All the couples know they will soon be separated for an undetermined amount of time. That knowledge adds an extra poignancy to the ceremony.

"On the verge of deployment, we are all counting the days. Soon three of us will have to go," West says.

Anyone spending time with West comes to know how important Pam and his two children, Zachary and Samantha, are to him.

"Pam has been my bride for 16 years," he says before the ceremony begins.

Love of family

Another thing West has in common with his soldiers is that soon he will be leaving his family behind also.

The entire West family feels called to this ministry. Even 6-year-old Sam, who does not fully understand what it all means, recently surprised her family by praying, "God, we thank you for the Army."

West has only been at Fort Campbell since August. He graduated from the U.S. Army Chaplain Center in Fort Jackson, S.C., last summer.

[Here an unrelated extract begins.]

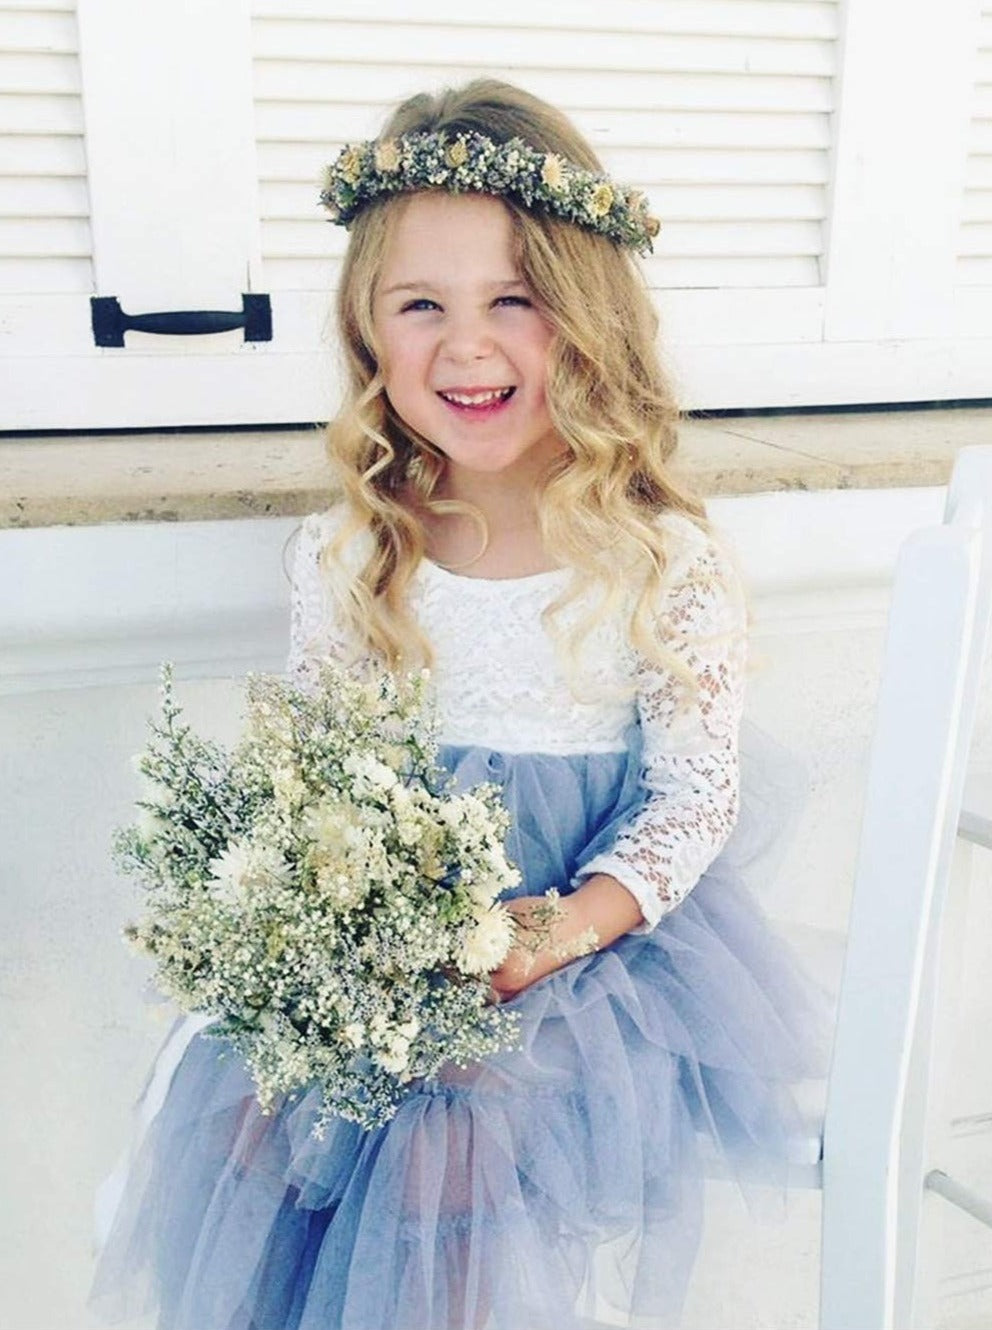 2Bunnies Flower Girl Dress Peony Lace Back A-Line Long Sleeve Tiered Tulle Short (Bluish Gray) - 2BUNNIES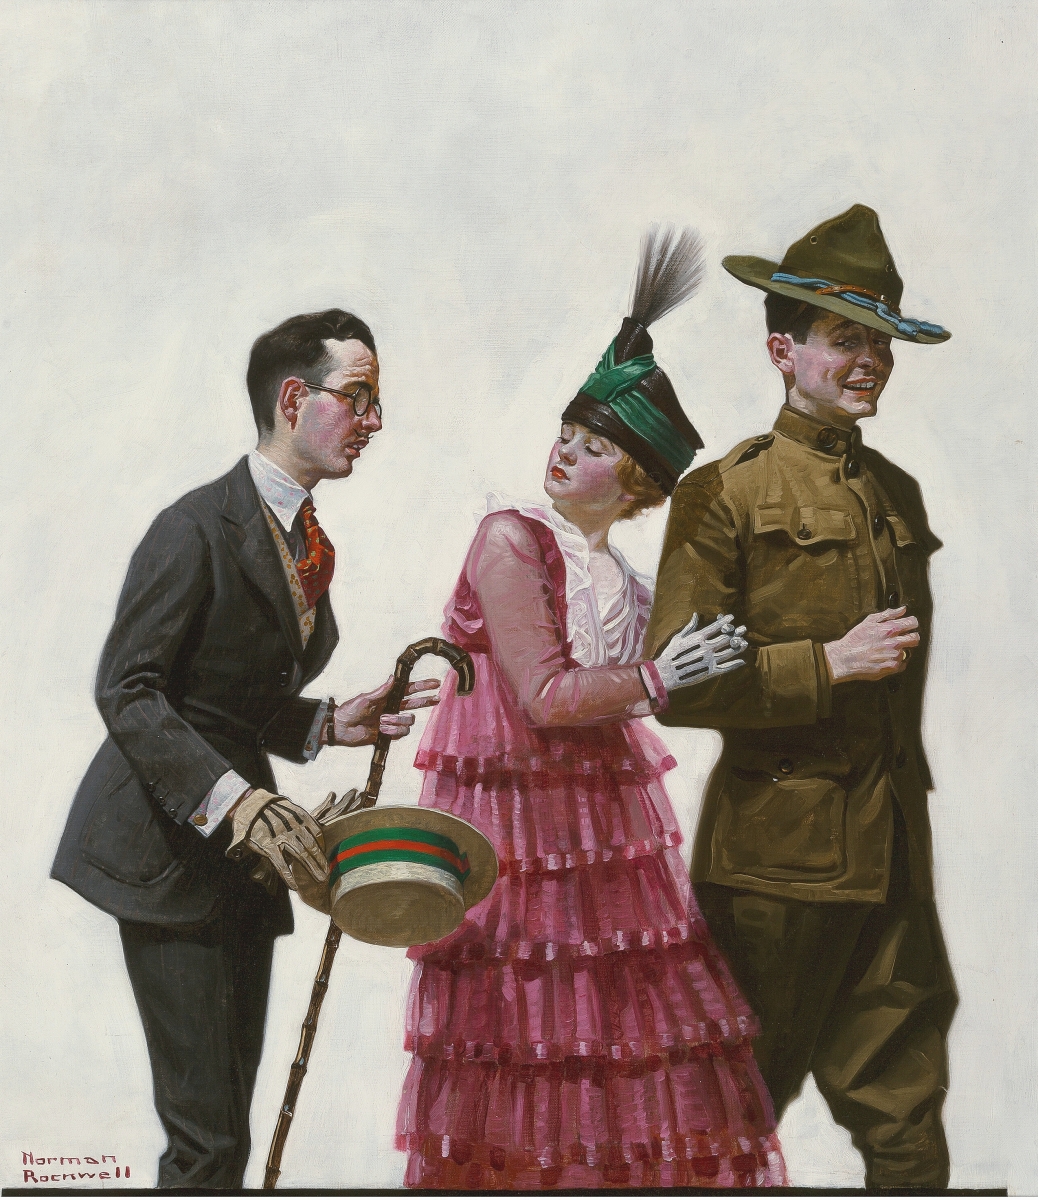 “Rockwell only did a few covers for Judge magazine; this is the best known one and now the record holder for a Judge cover,” Aviva Lehmann commented about “Excuse Me! (Soldier Escorting Woman)” by Norman Rockwell, which saw competition from three bidders and sold for $543,000 ($400/600,000).

He is an ordained elder from the West Virginia Annual Conference and he served in his state's National Guard from 1987 to 1992. He was serving as pastor at Calvary United Methodist Church in Keyser, W.Va., before joining the U.S. Army Chaplain Corps.

"Ever since Sept. 11, I knew God was really calling Jay in a different direction," Pam says. "I really fought it at first," she admits, smiling. But she is at peace with the choice and says she likes it better than being a local pastor's wife.

"There is a lot of support," she says, ticking off some of the groups she belongs to: a coffee group of chaplain's spouses, a weekly Bible study group, and part of a bowling league. "The Army offers a lot of different options," she says.

As a pastor's wife, she says she almost felt like an associate pastor herself. "He was always off to meetings and I was the link to him." Now he is just another guy in BDUs (battle dress utilities) she says, laughing.

That change is especially nice for 13-year-old Zachary who isn't known as "the preacher's kid" but just another child of a military family.

Pam is learning the ins and outs of military life. She says the Army does a good job of preparing families for deployment. However, she and Zachary heard the news about the 101st deployment on the radio. "I told Jay about it," she says, laughing.

Jay and Pam agree being in the Army has helped their relationship.

"When you are on 36-hour notice for deployment, you keep your life in order," West says. "We have learned not to take each other for granted. If you have a fight, you work it out right away because you might not be given another opportunity."

"One of the things I have learned is that in a military environment no one has the luxury of being an 'insider' or an 'outsider.' In one sense we are all outsiders, so we just make everybody insiders. It has just been wonderful," West says.

Often in a local parish, no matter how close you may get to the people in the pews, you are still the pastor, West says.

"The walls never get totally broken down. In the Army, you can't afford to keep anyone at arm's length."

"In a sense, we are more at peace here than in the local church," Pam says. "We have a true sense that we are where God wants us to be."

Representing the holy

"By no stretch of the imagination do I or my soldiers want to go to war," West says. "It is a hard thing to be with these soldiers day in and day out, then knowing I have to release them to God's care."

West and the rest of his soldiers work long days. His day starts at 4 a.m. and often doesn't end until 10 or 11 p.m. He has to hear about the harsh realities of Army life along with the troops. Tips like: Don't take personal pictures of your family to war; they could be used as tools for torture if you are captured. Many troops will not go into war wearing their wedding rings for the same reason.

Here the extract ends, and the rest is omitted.